Task directions: Look below for the line that contains "-GO!GO!! POWER⚡️RANGERS!!- Yees!!!🤣🤣in", then quote it and all the lines after it, exactly, with the pictures left out.
━━━━━ Data below
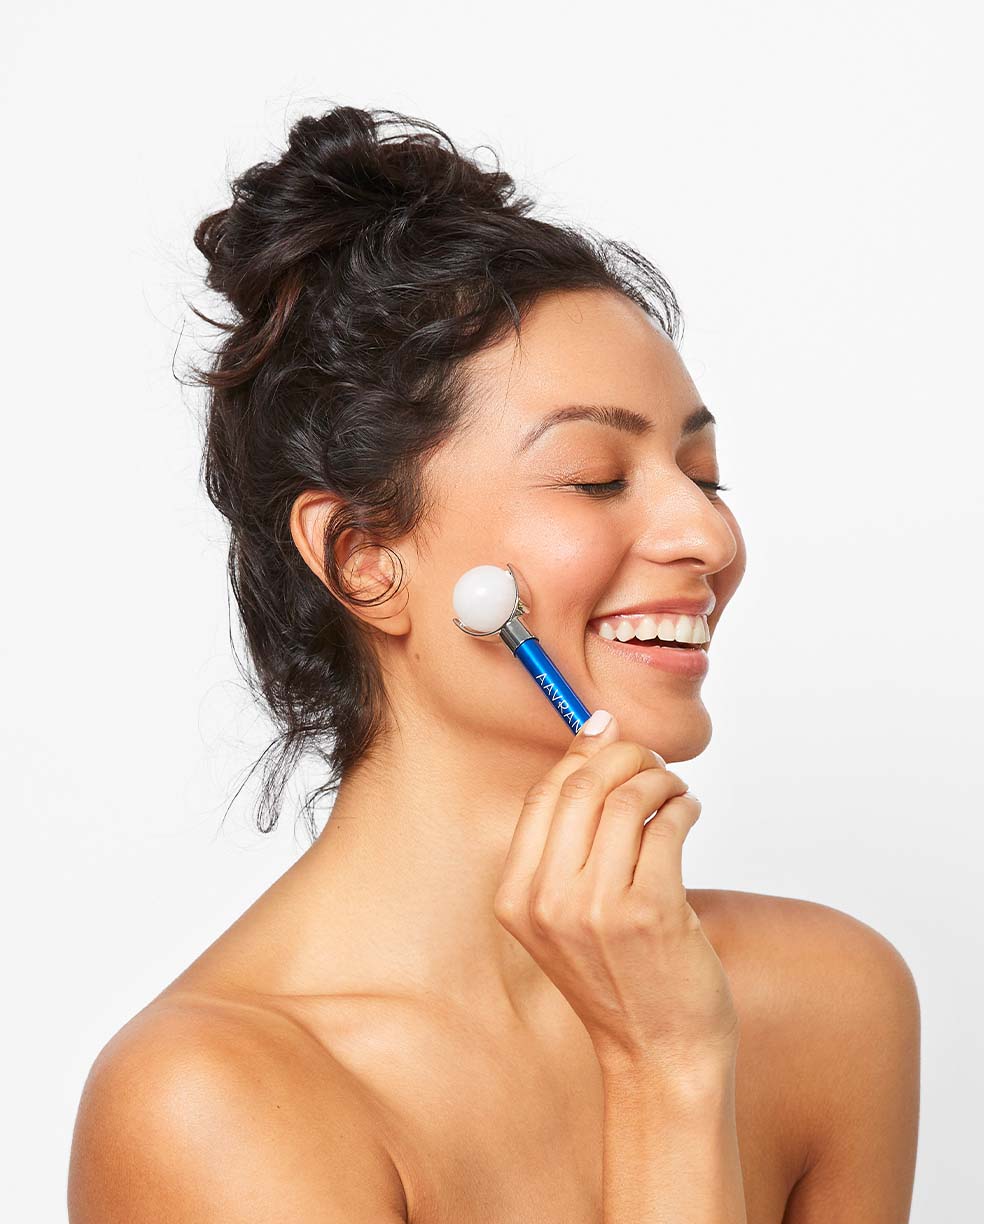 Rollmate Facial Roller being used by model
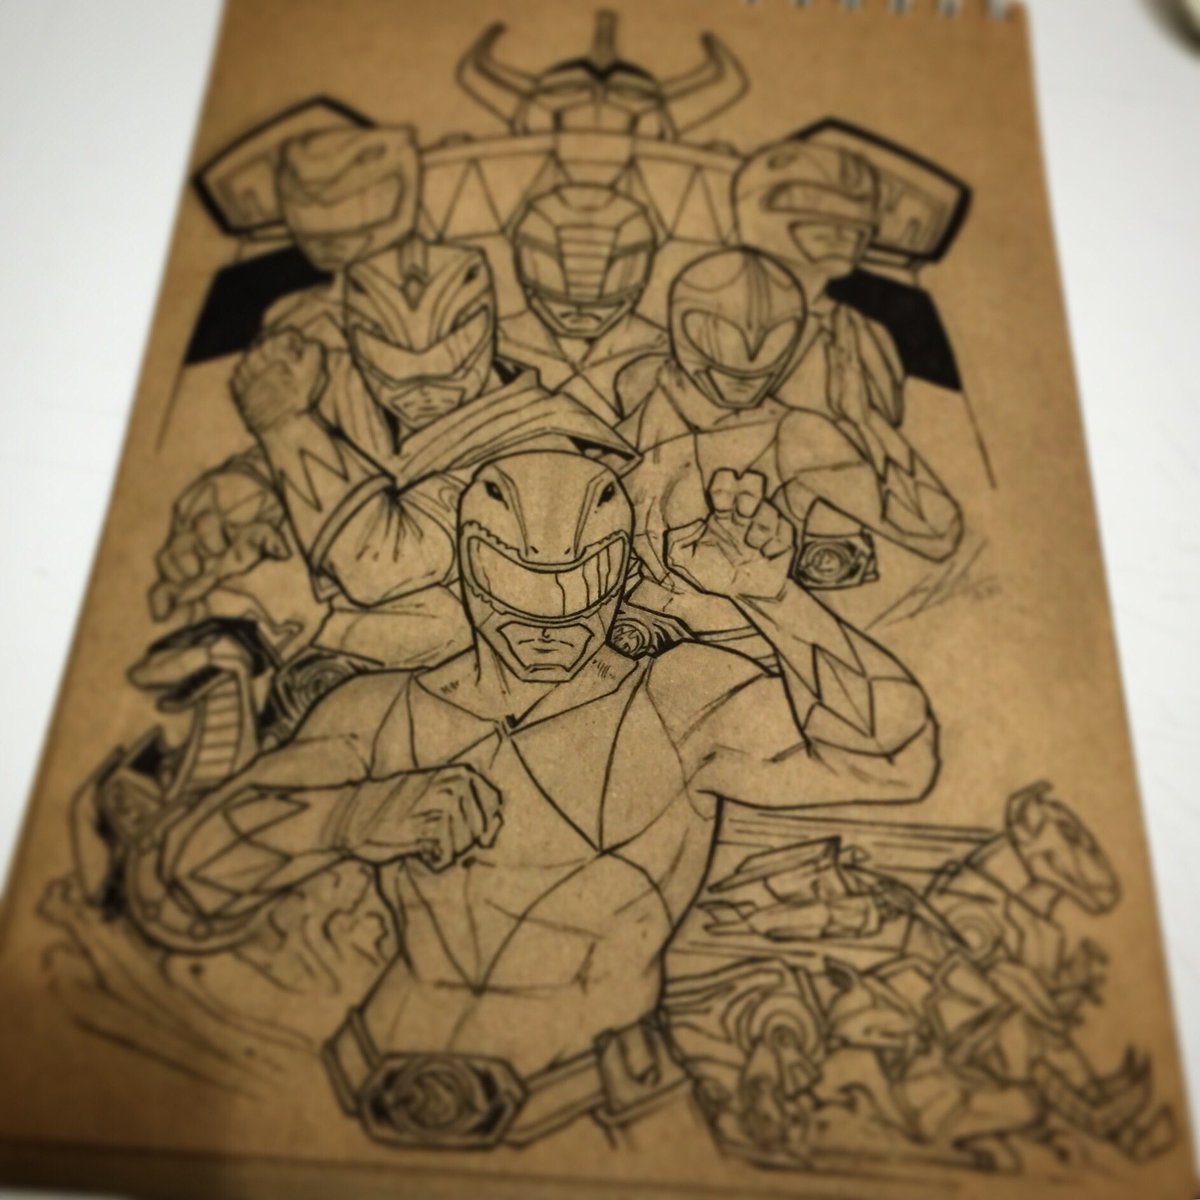 -GO!GO!! POWER⚡️RANGERS!!- Yees!!!🤣🤣in the end I could not resist drawing them, tomorrow it will be time to give color😆 RT
@kirbyscomicart @powerrangers @marvel @marvelspain @imagecomics @valiantentertainment @dynamitecomics #marvel #valiantentertainment #powerrangers #lineart
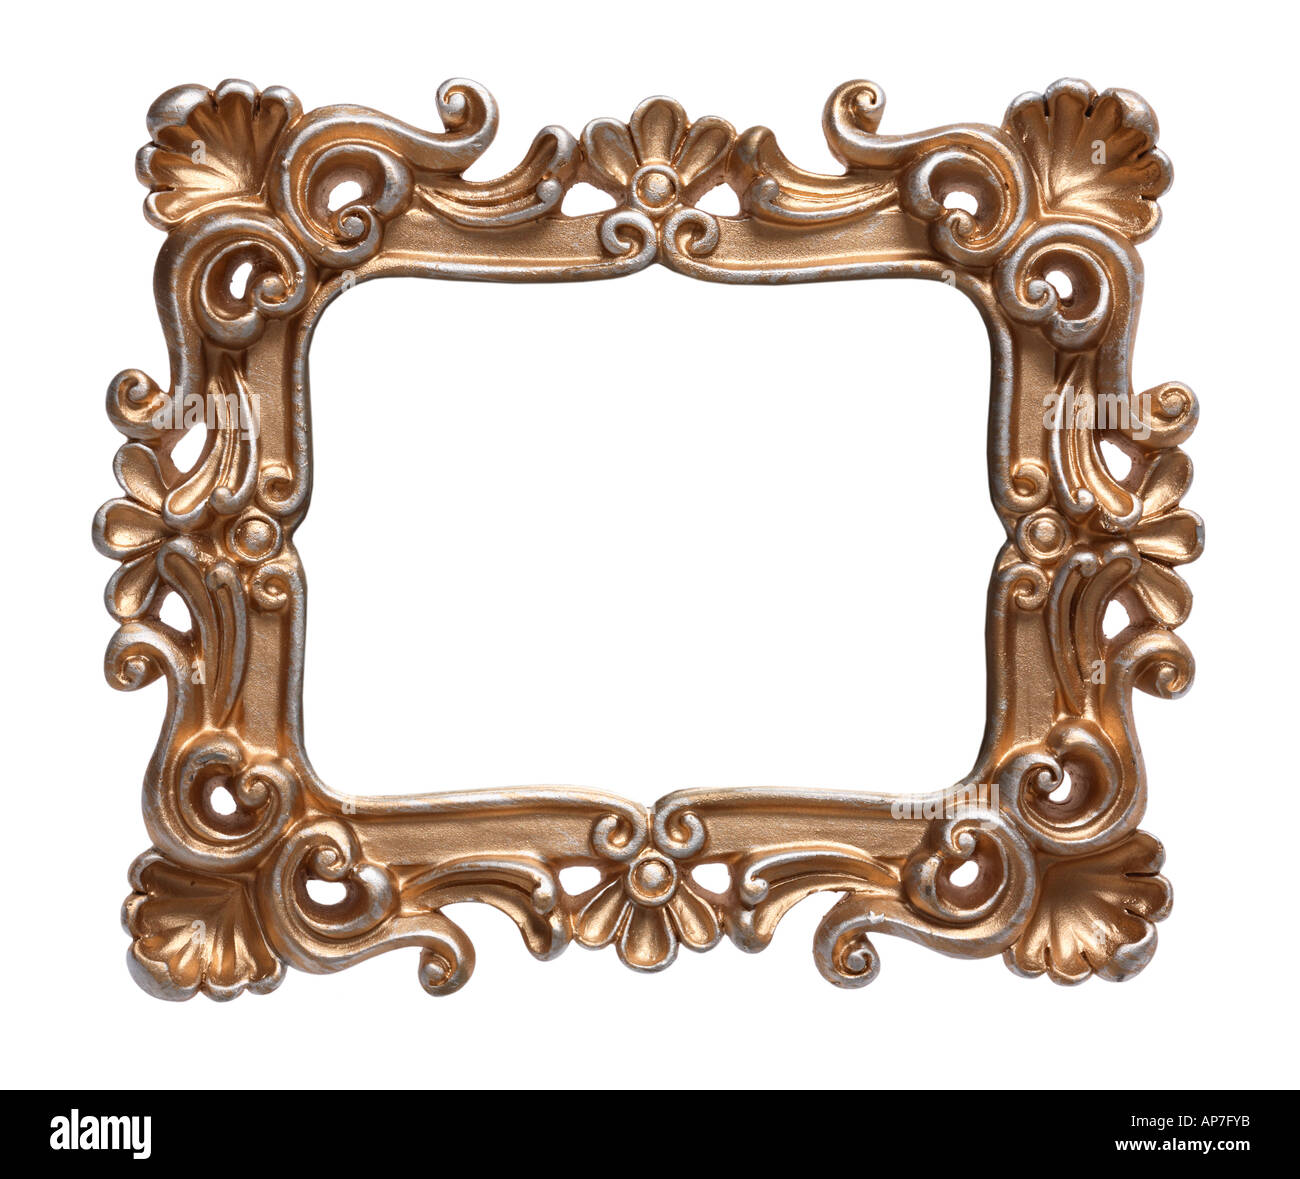 Ornate Picture Frame Stock Photo
━━━━━━━━━━
Expected output:
 -GO!GO!! POWER⚡️RANGERS!!- Yees!!!🤣🤣in the end I could not resist drawing them, tomorrow it will be time to give color😆 RT
@kirbyscomicart @powerrangers @marvel @marvelspain @imagecomics @valiantentertainment @dynamitecomics #marvel #valiantentertainment #powerrangers #lineart
 Ornate Picture Frame Stock Photo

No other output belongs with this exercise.